Most eval tools assume you already know what to evaluate. You install a framework, run some metrics, see numbers. The numbers feel like quality yet they're not: they are measurements without meaning, because nobody defined what the measurements are supposed to catch before running them.

fieldtest is a tool for the layer that's missing: the reasoning that produces the evals.

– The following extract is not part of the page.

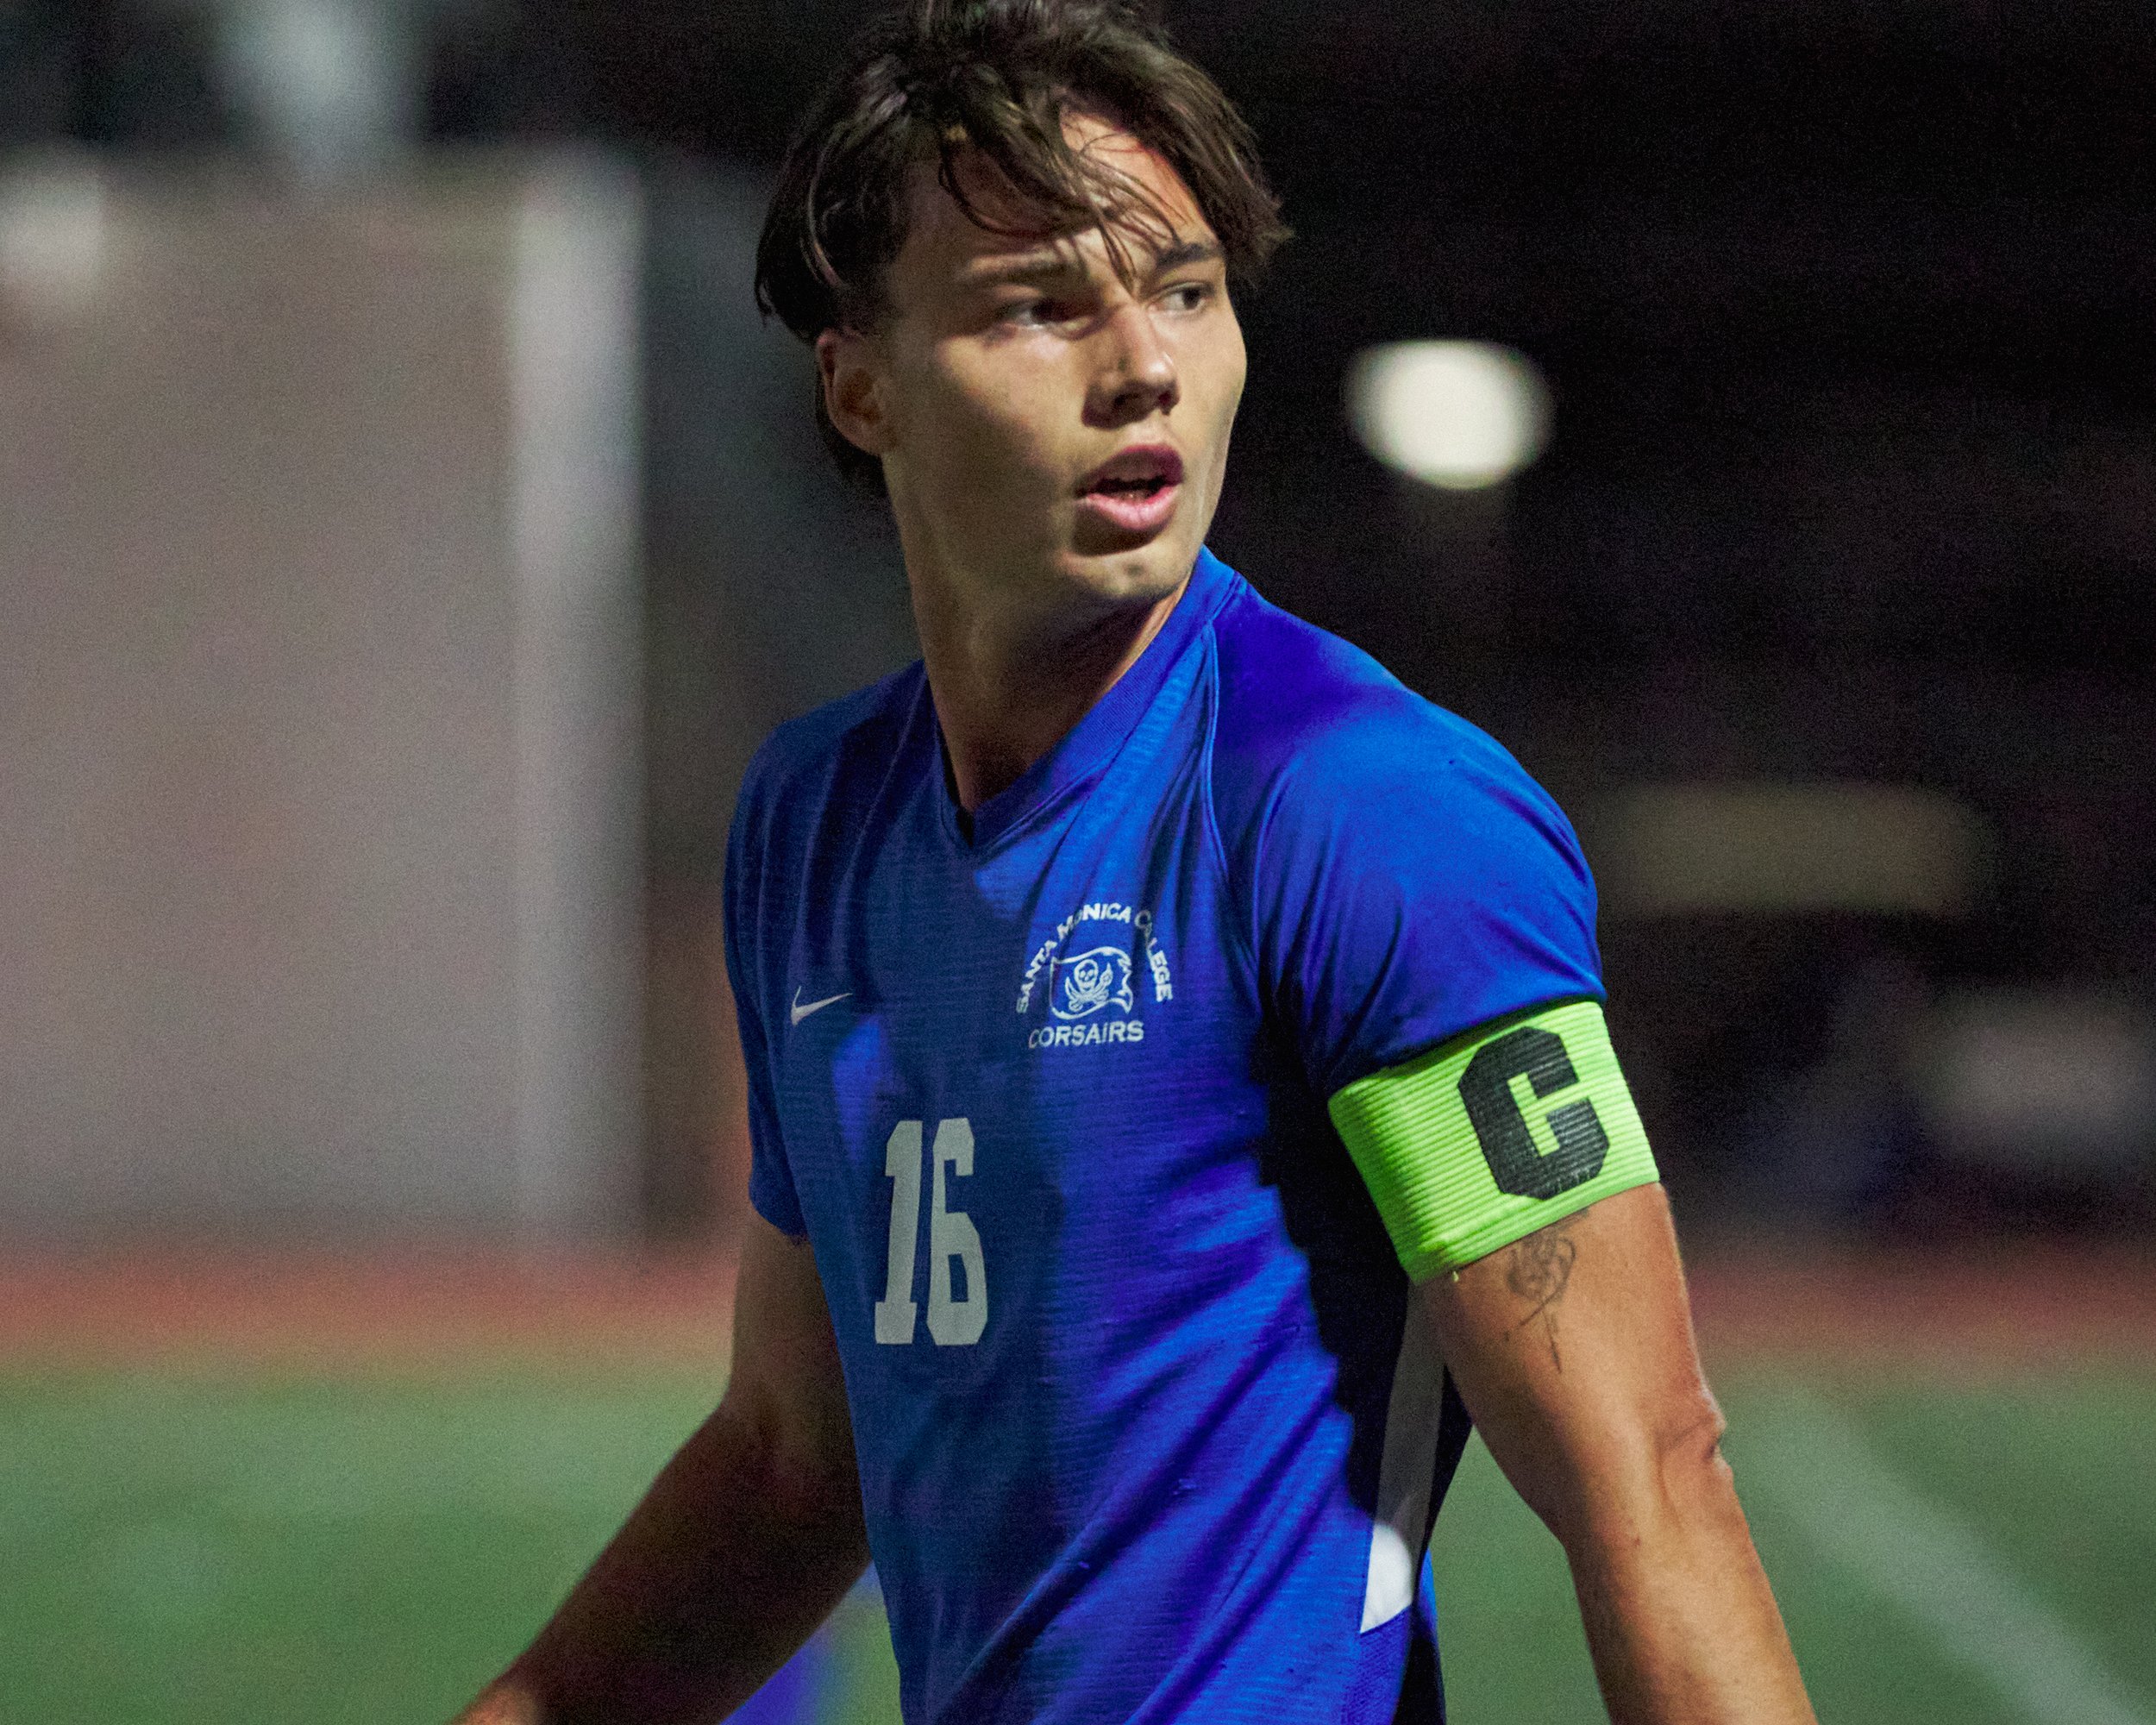  Santa Monica College Corsairs' Kyler Sorber during the men's soccer match against the Norco College Mustangs on Saturday, Nov. 19, 2022, at Corsair Field in Santa Monica, Calif. (Nicholas McCall | The Corsair) 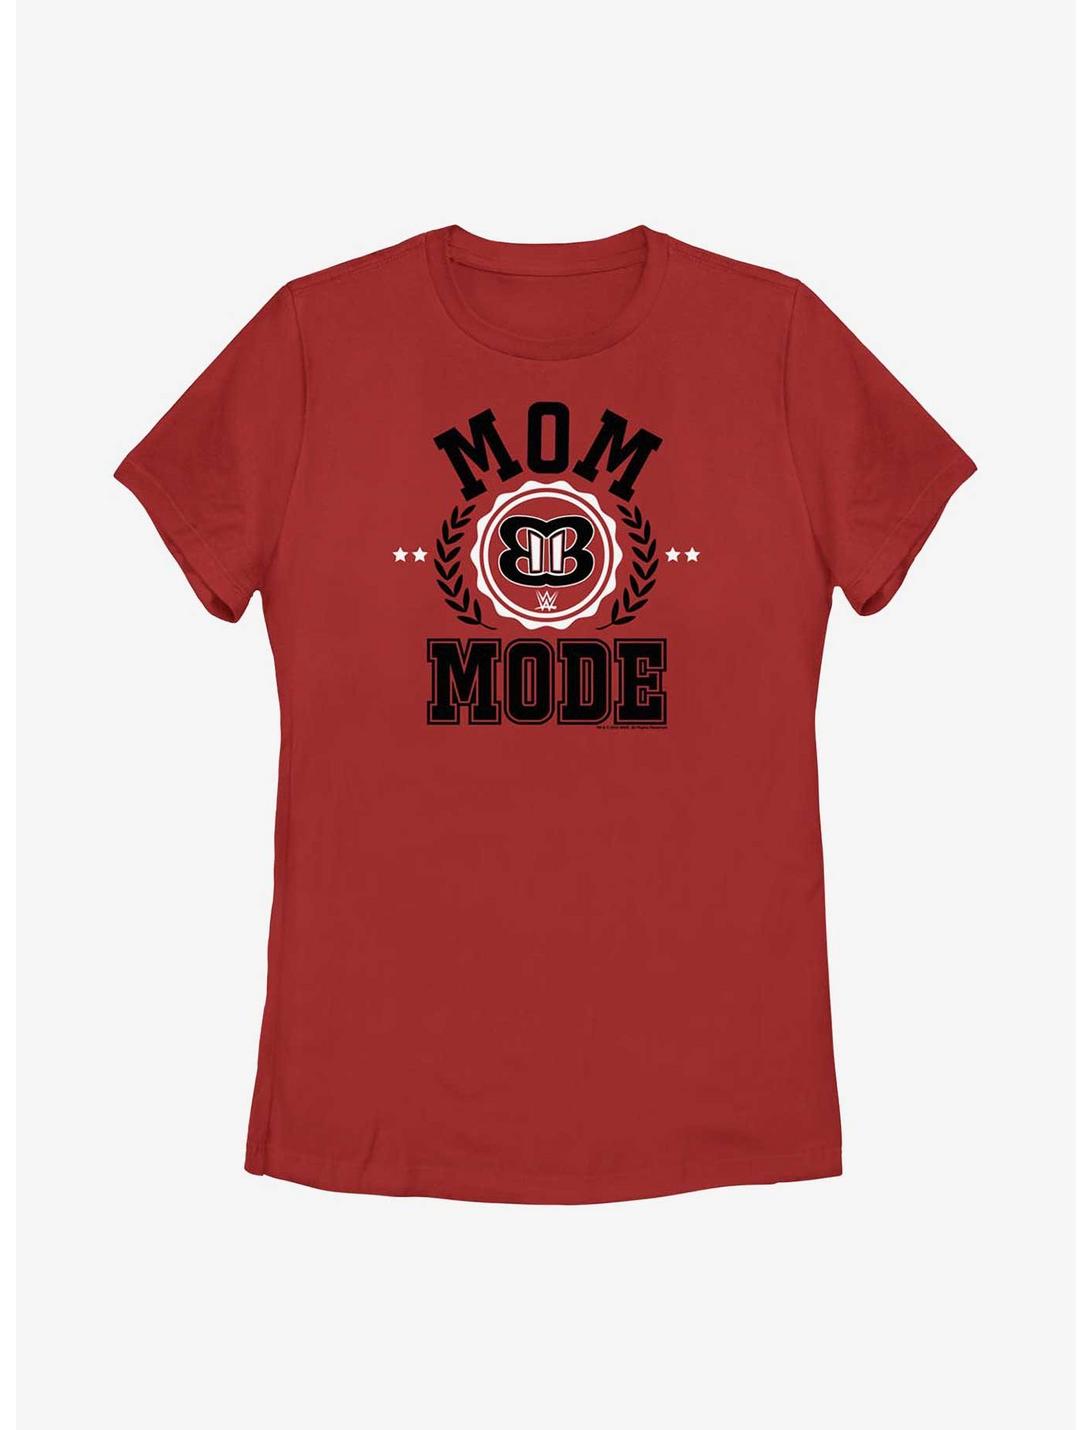 WWE The Bella Twins Mom Mode Womens T-Shirt, RED, hi-res

The config asks you — in order — to name your use cases, define what right, good, and safe means for each, and specify how you'll test them. That sequence is the thing most teams skip, which is why they end up with evals that measure what's easy rather than what matters. The structure of the testing enforces the reasoning. With fieldtest, cannot skip to measurement without first doing the definitional work. How well you do that is up to you, but we provide the scaffolding to reason about what you are actually trying to measure.

Install

pip install fieldtest
export ANTHROPIC_API_KEY=sk-ant-...   # for LLM judge calls

How it works

fieldtest expects your project to have an evals/ directory with a config.yaml file. All commands default to evals/config.yaml relative to your working directory. Use --config <path> to override.

your-project/
  evals/
    config.yaml        ← fieldtest reads this
    fixtures/          ← your test inputs
    outputs/           ← your generator writes here
    results/           ← fieldtest score writes here

Run all fieldtest commands from your project root (the directory that contains evals/).

Quickstart

1. Scaffold your eval directory

fieldtest init

This creates:

evals/
  config.yaml              ← fill this out first
  fixtures/
    golden/                ← fixtures with expected output (used for regression)
    variations/            ← fixtures without expected output
  outputs/                 ← your generator writes here (git-ignored)
  results/                 ← fieldtest score writes here
  .gitignore               ← outputs/ excluded from git

2. Fill out config.yaml

The config walks you through the reasoning in order. Here's a complete example for a resume tailoring assistant:

# evals/config.yaml
schema_version: 1

system:
  name: Resume tailoring assistant
  domain: >
    English-language resumes tailored to job descriptions.
    Input: plain-text base resume + job description.
    Output: Markdown resume tailored to the specific role.

use_cases:
  - id: tailor_resume
    description: >
      User submits a base resume and job description.
      System returns a Markdown resume tailored to the role.

    evals:

      # RIGHT — correctness evals
      # Failure → grounding or reasoning problem in your system

      - id: no_fabrication
        tag: right
        type: llm
        description: Output does not invent facts not present in the source
        pass_criteria: >
          Every company name, date, metric, and credential in the output
          can be traced to the source material. Minor rephrasing is fine.
        fail_criteria: >
          The output contains a company, date, metric, or credential that
          does not appear in the source material.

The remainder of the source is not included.